**Data section:**
════════

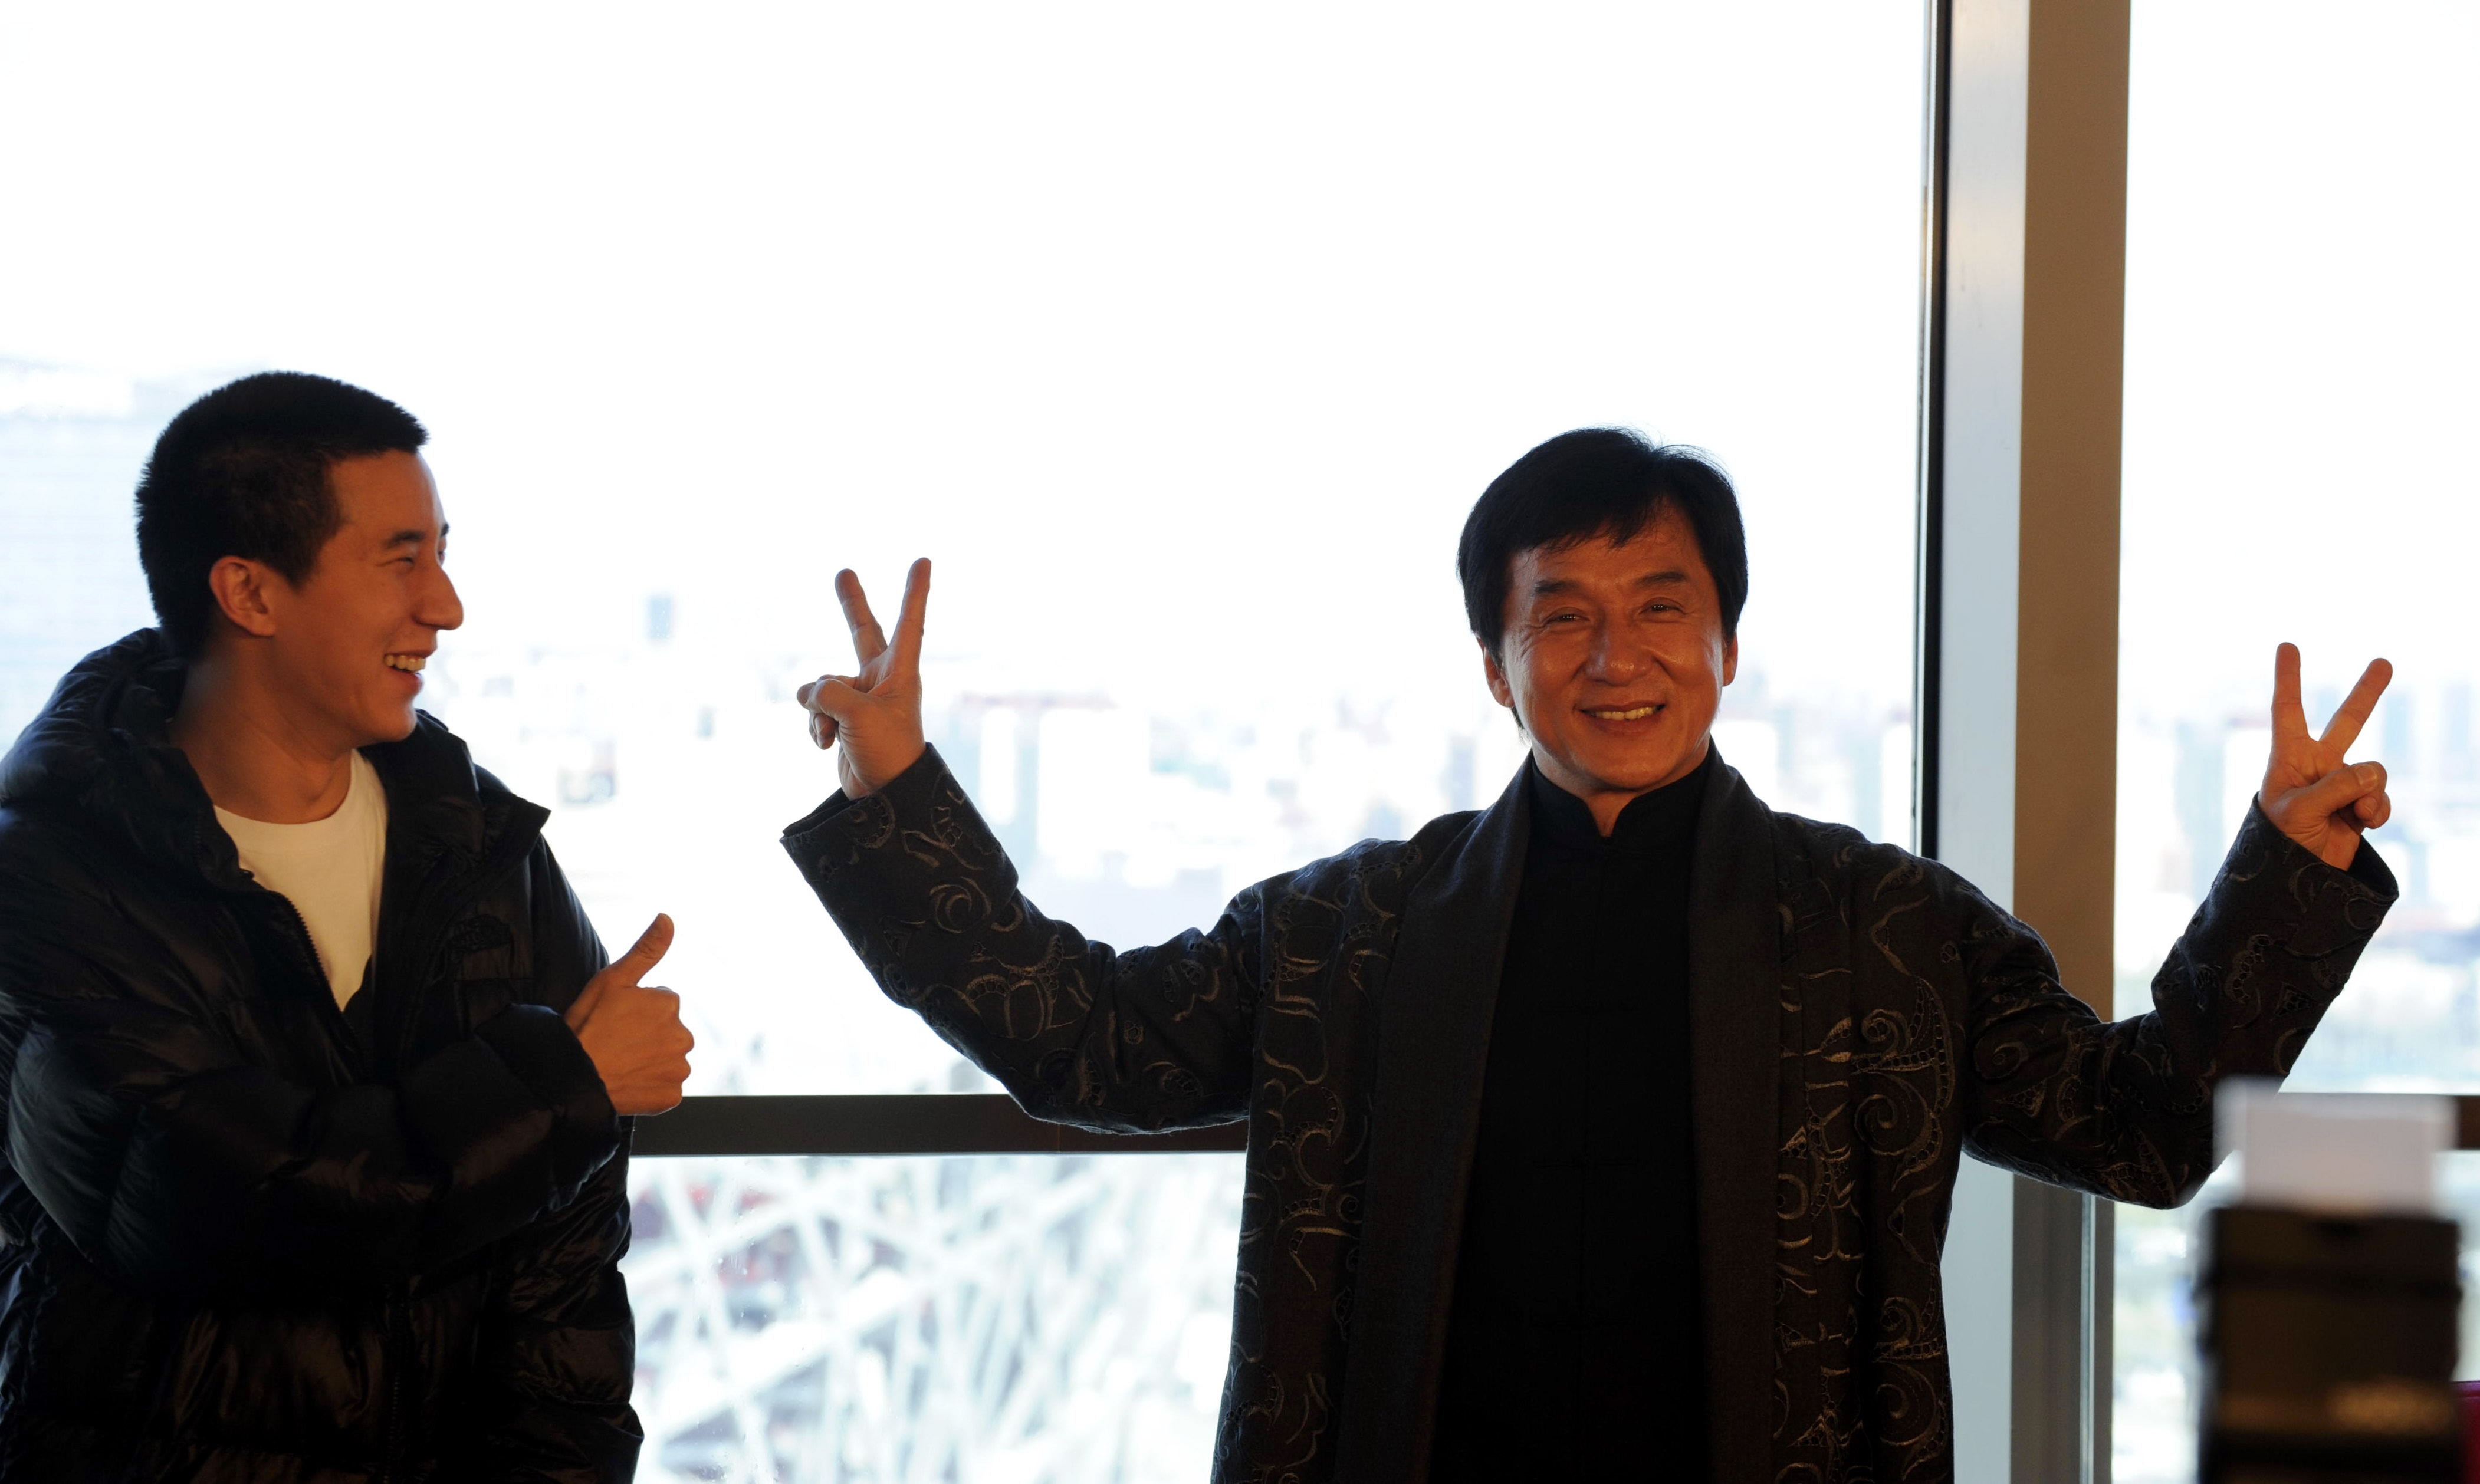 Jackie Chan et son fils Jaycee Chan assistent à une conférence de presse annonçant un concert au Bird's Nest Stadium le 1er avril 2009 à Pékin, Chine. | Source : Getty Images
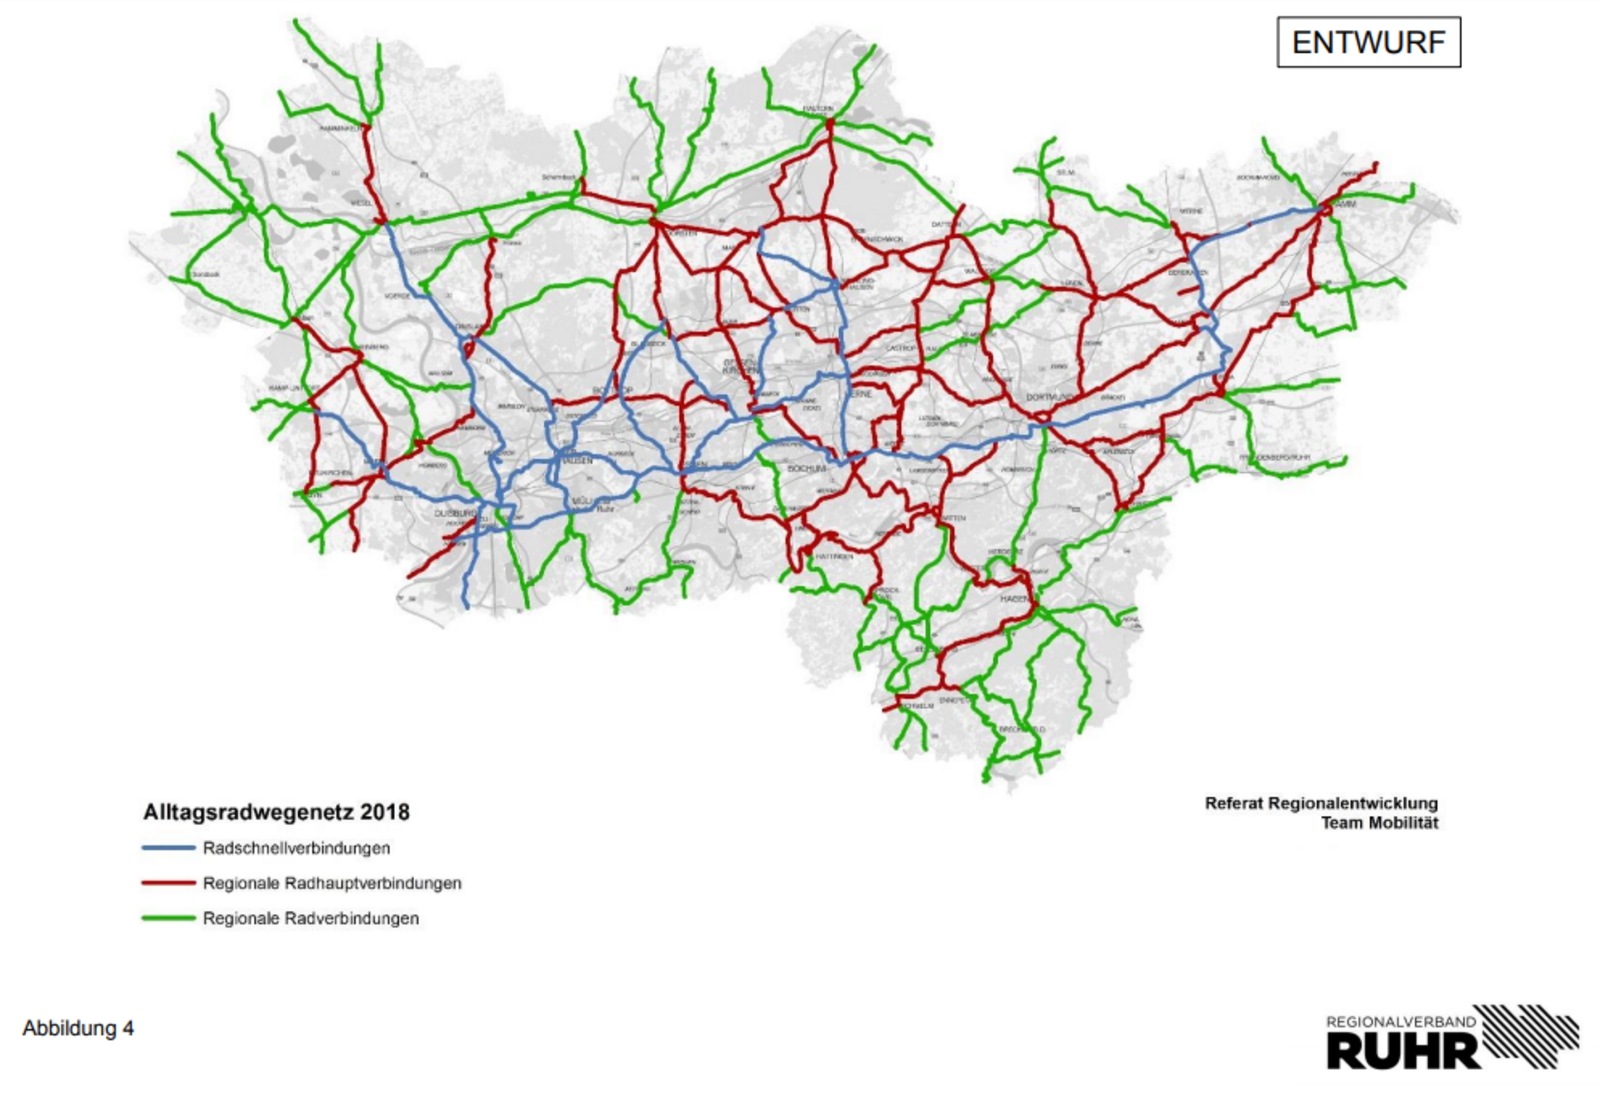 Karte - Regionales Radwegenetz mit Hierarchie. Abb. RVR
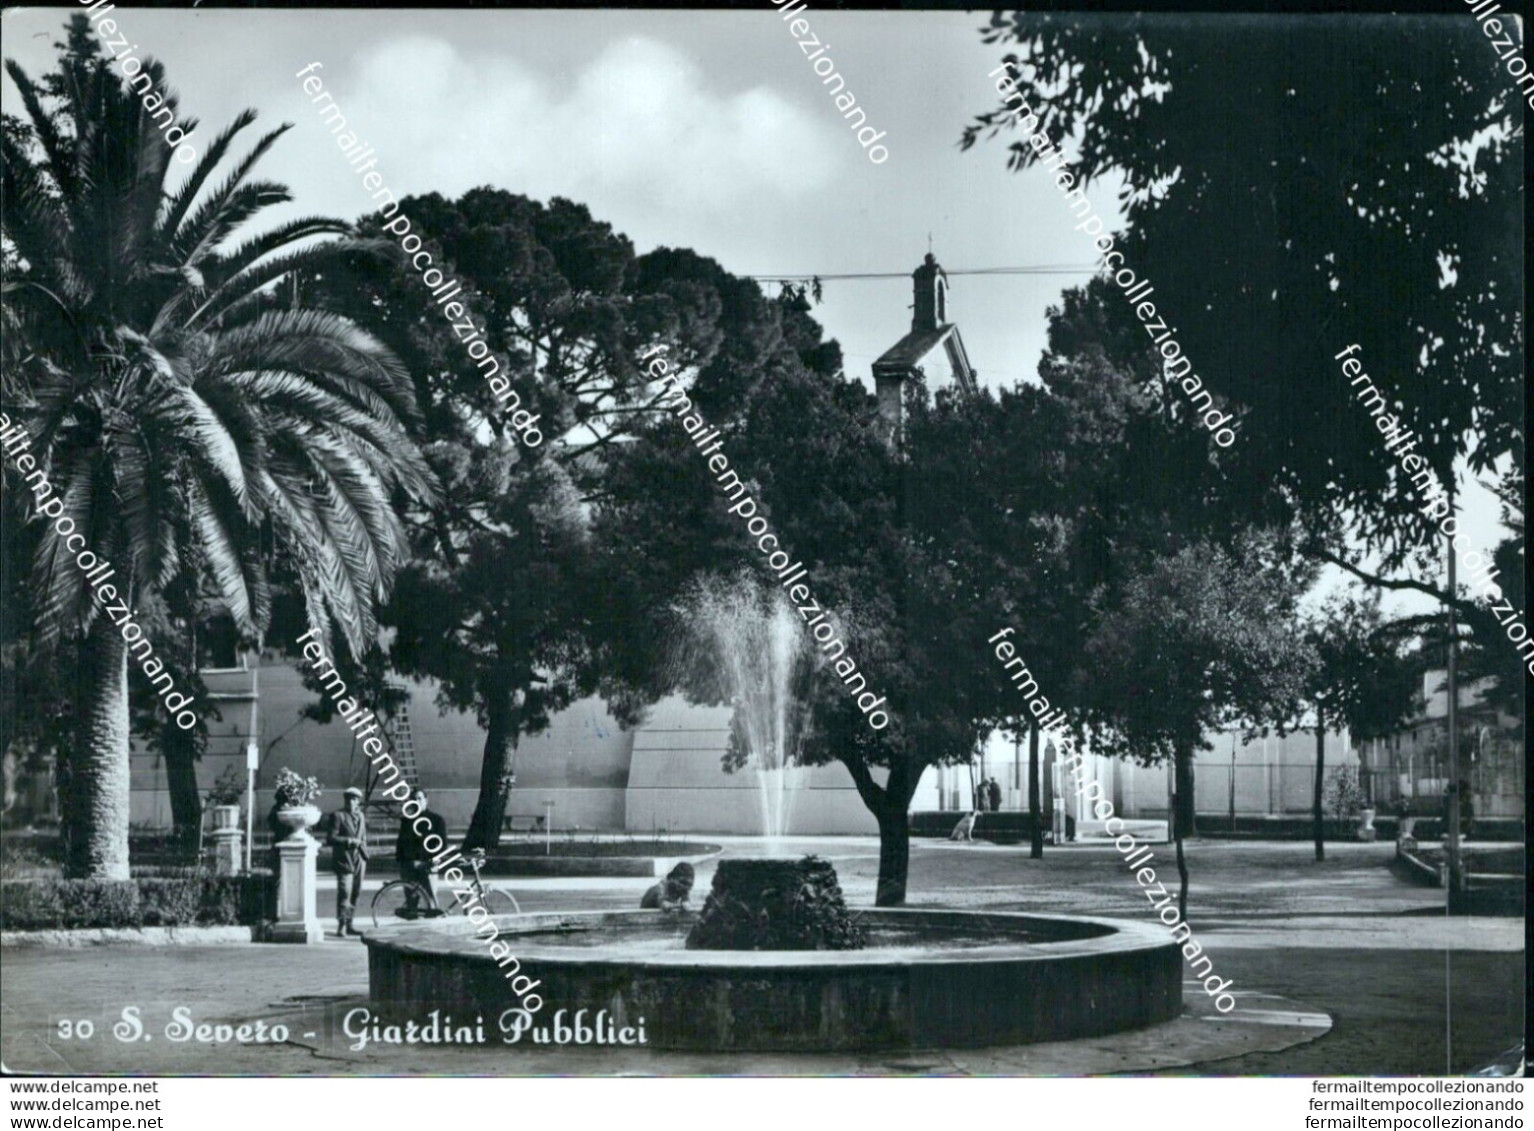 At767 Cartolina S.severo Giardini Pubblici Provincia Di Foggia - Foggia

════════

**Task statement:**
The answer is the listing above repeated verbatim, minus its images.

**Worked solution:**
 Jackie Chan et son fils Jaycee Chan assistent à une conférence de presse annonçant un concert au Bird's Nest Stadium le 1er avril 2009 à Pékin, Chine. | Source : Getty Images
 Karte - Regionales Radwegenetz mit Hierarchie. Abb. RVR
 At767 Cartolina S.severo Giardini Pubblici Provincia Di Foggia - Foggia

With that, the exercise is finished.